-
Notifications
You must be signed in to change notification settings - Fork 16.4k
Description
Apache Airflow Provider(s)
databricks
Versions of Apache Airflow Providers
apache-airflow-providers-databricks==6.13.*
Apache Airflow version
2.10.2
Operating System
Debian GNU/Linux 12 (bookworm)
Deployment
Astronomer
Deployment details
No response
What happened
_get_databricks_task_id only cleanses the task id, ref:
airflow/providers/src/airflow/providers/databricks/plugins/databricks_workflow.py
Line 67 in a924284
| return f"{task.dag_id}__{task.task_id.replace('.', '__')}" |
| task_id = f"{self.dag_id}__{task_id.replace('.', '__')}" |
However, the dag_id may also contain . - so the replacement of . with __ should be applied to the whole string, not just the task id portion, else periods placed in the dag name results in errors such as:
[2024-11-21, 13:12:42 GMT] {taskinstance.py:3310} ERROR - Task failed with exception
Traceback (most recent call last):
File "/usr/local/lib/python3.11/site-packages/airflow/models/taskinstance.py", line 767, in _execute_task
result = _execute_callable(context=context, **execute_callable_kwargs)

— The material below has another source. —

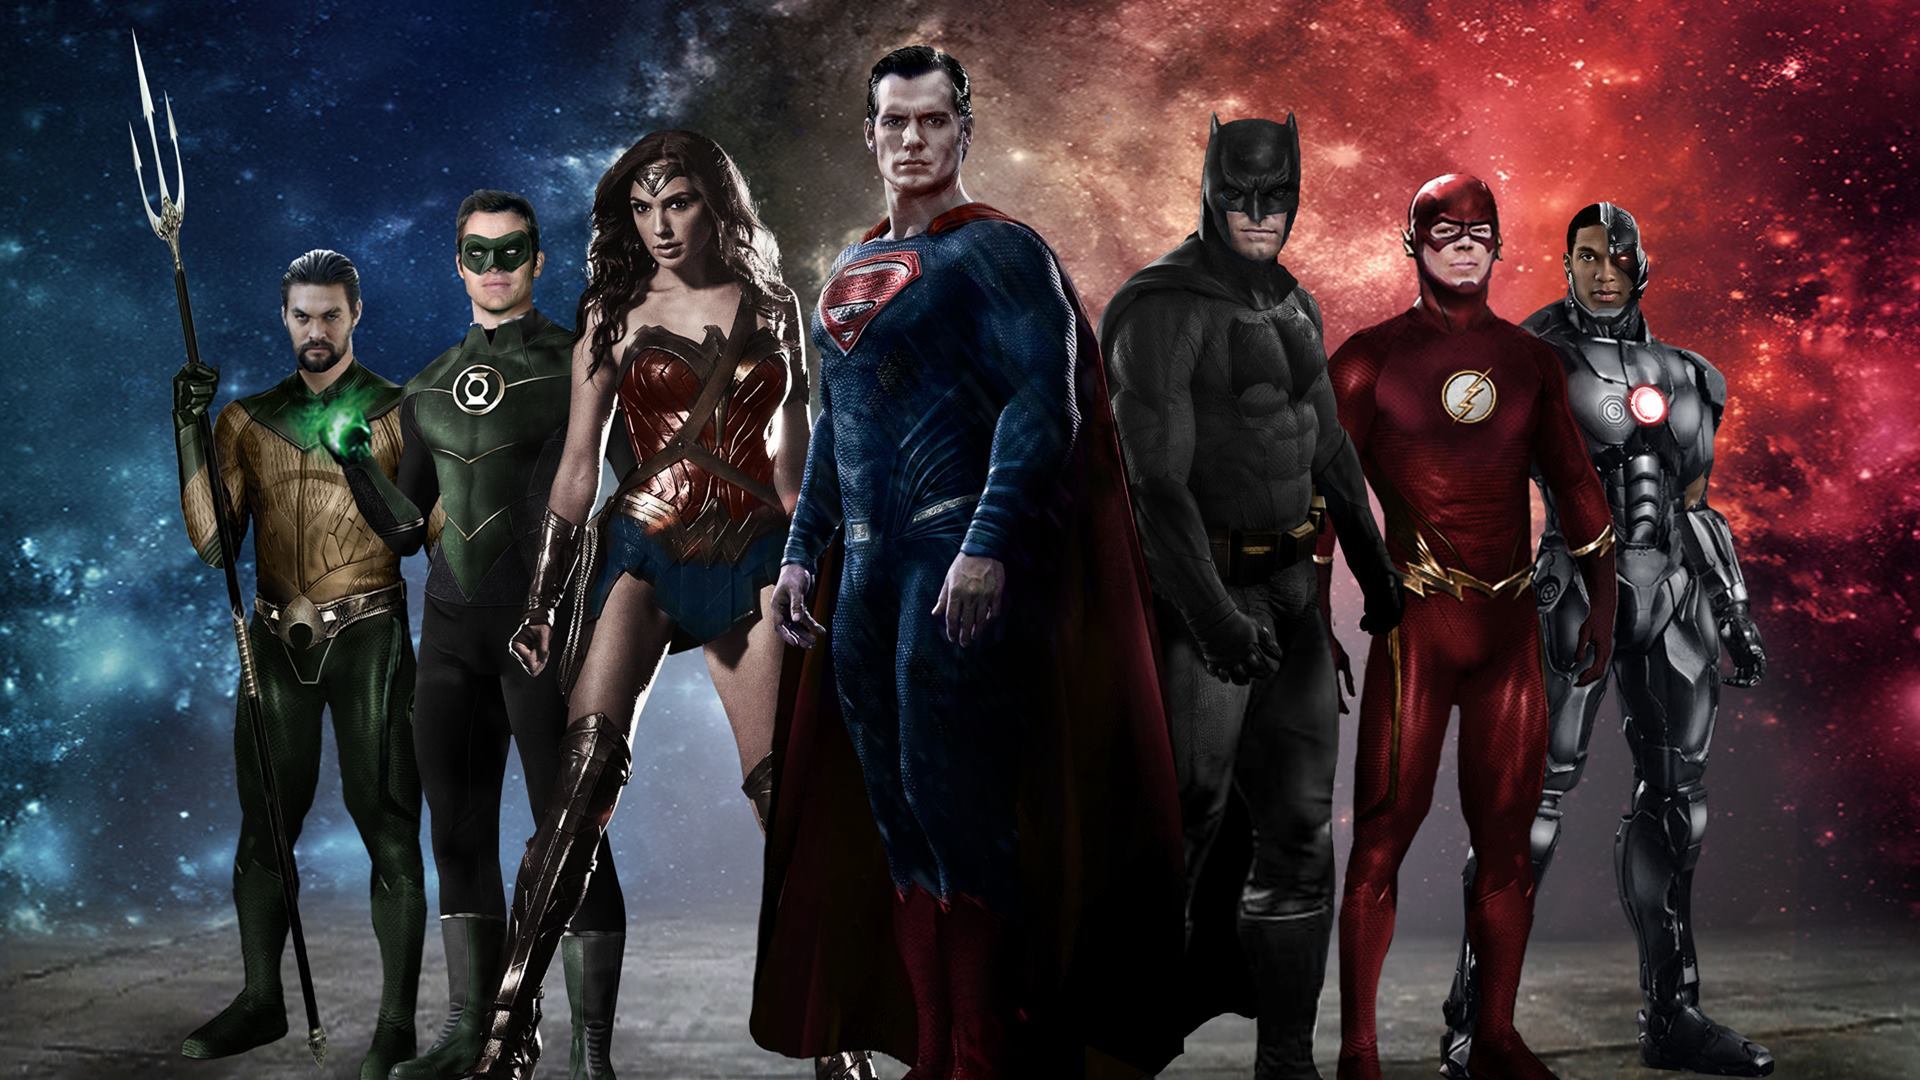 Watch out for these Superhero teams in 2016!

^^^^^^^^^^^^^^^^^^^^^^^^^^^^^^^^^^^^^^^^^^^^^^^^^^^^^^^^^^^^^
File "/usr/local/lib/python3.11/site-packages/airflow/models/taskinstance.py", line 733, in _execute_callable
return ExecutionCallableRunner(
^^^^^^^^^^^^^^^^^^^^^^^^
File "/usr/local/lib/python3.11/site-packages/airflow/utils/operator_helpers.py", line 252, in run
return self.func(*args, **kwargs)
^^^^^^^^^^^^^^^^^^^^^^^^^^
File "/usr/local/lib/python3.11/site-packages/airflow/models/baseoperator.py", line 406, in wrapper
return func(self, *args, **kwargs)
^^^^^^^^^^^^^^^^^^^^^^^^^^^
File "/usr/local/lib/python3.11/site-packages/airflow/providers/databricks/operators/databricks.py", line 1252, in execute
self.monitor_databricks_job()
File "/usr/local/lib/python3.11/site-packages/airflow/providers/databricks/operators/databricks.py", line 1203, in monitor_databricks_job
current_task_run_id = self._get_current_databricks_task()["run_id"]

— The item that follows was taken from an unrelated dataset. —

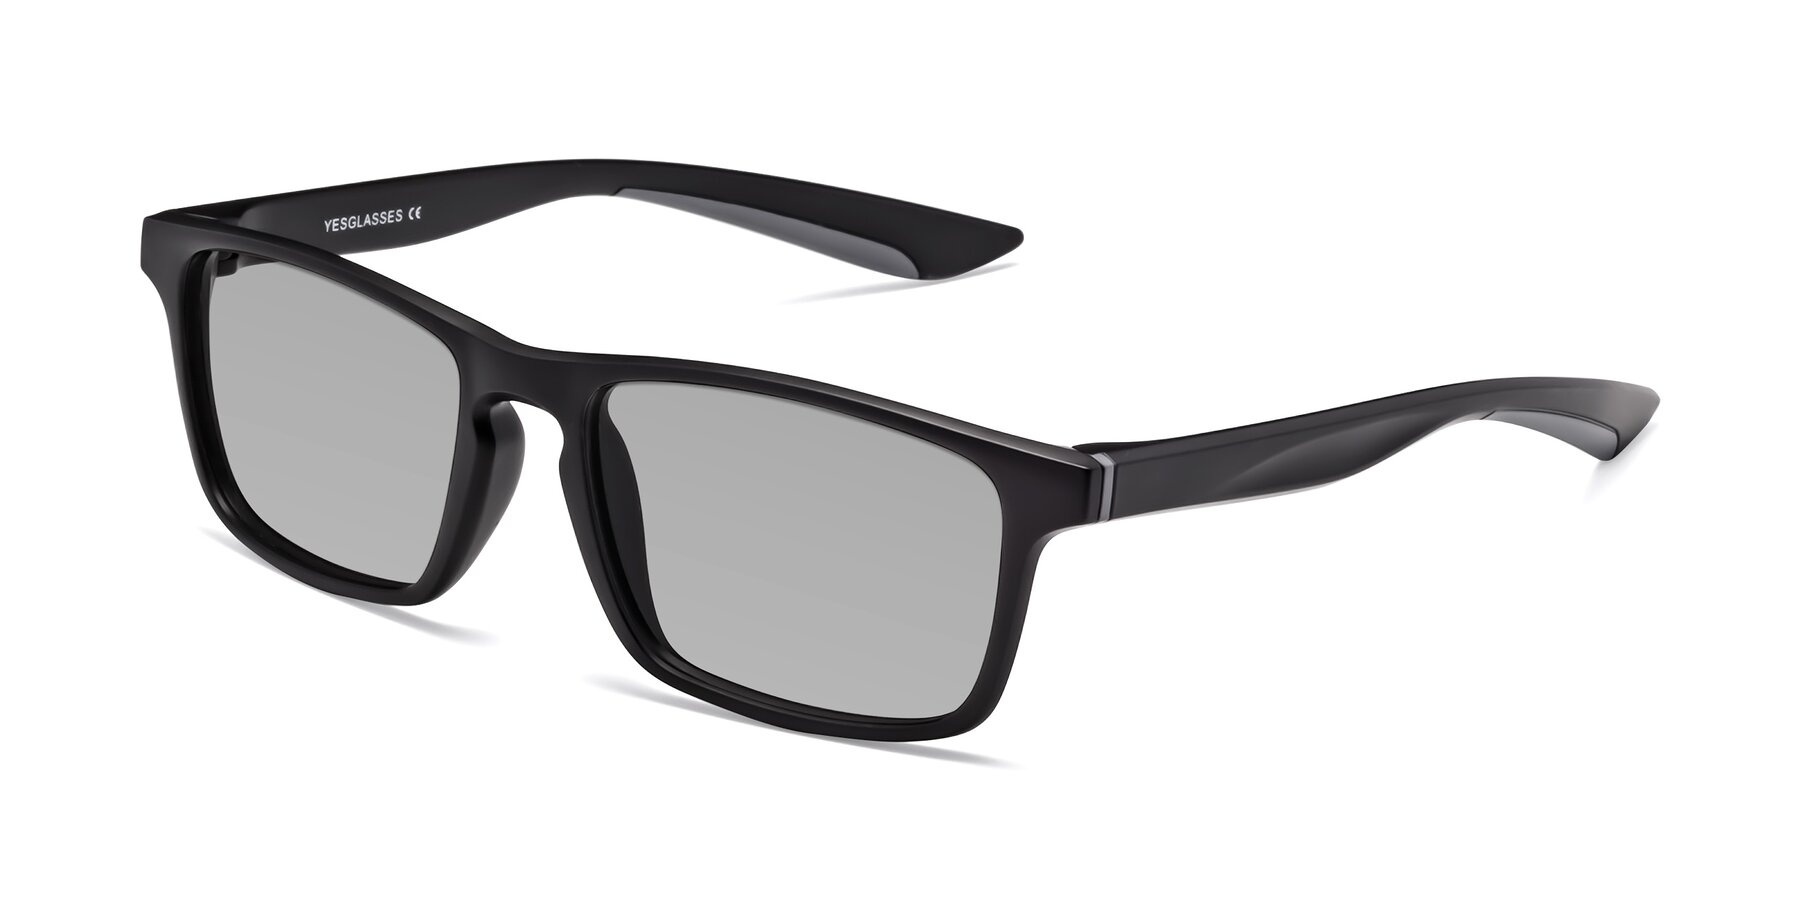 Angle of Passion in Matte Black-Gray with Light Gray Tinted Lenses

^^^^^^^^^^^^^^^^^^^^^^^^^^^^^^^^^^^
File "/usr/local/lib/python3.11/site-packages/airflow/providers/databricks/operators/databricks.py", line 1165, in _get_current_databricks_task
return {task["task_key"]: task for task in sorted_task_runs}[
^^^^^^^^^^^^^^^^^^^^^^^^^^^^^^^^^^^^^^^^^^^^^^^^^^^^^^
KeyError: 'my.airflow.dag.with.periods__my_airflow_task'
(as the invalid chars are getting silently stripped by databricks, so the task key on the databricks side is myairflowdagwithperiods__my_airflow_task rather than my.airflow.dag.with.periods__my_airflow_task)
What you think should happen instead
The replacement of . with __ should be applied to the whole task key / run name string, not just the task id portion
How to reproduce
Use the affected operator(s) e.g. DatabricksNotebookOperator on a DAG which contains . in the dag_id
Anything else
Every time
Are you willing to submit PR?
- Yes I am willing to submit a PR!
Code of Conduct
- I agree to follow this project's Code of Conduct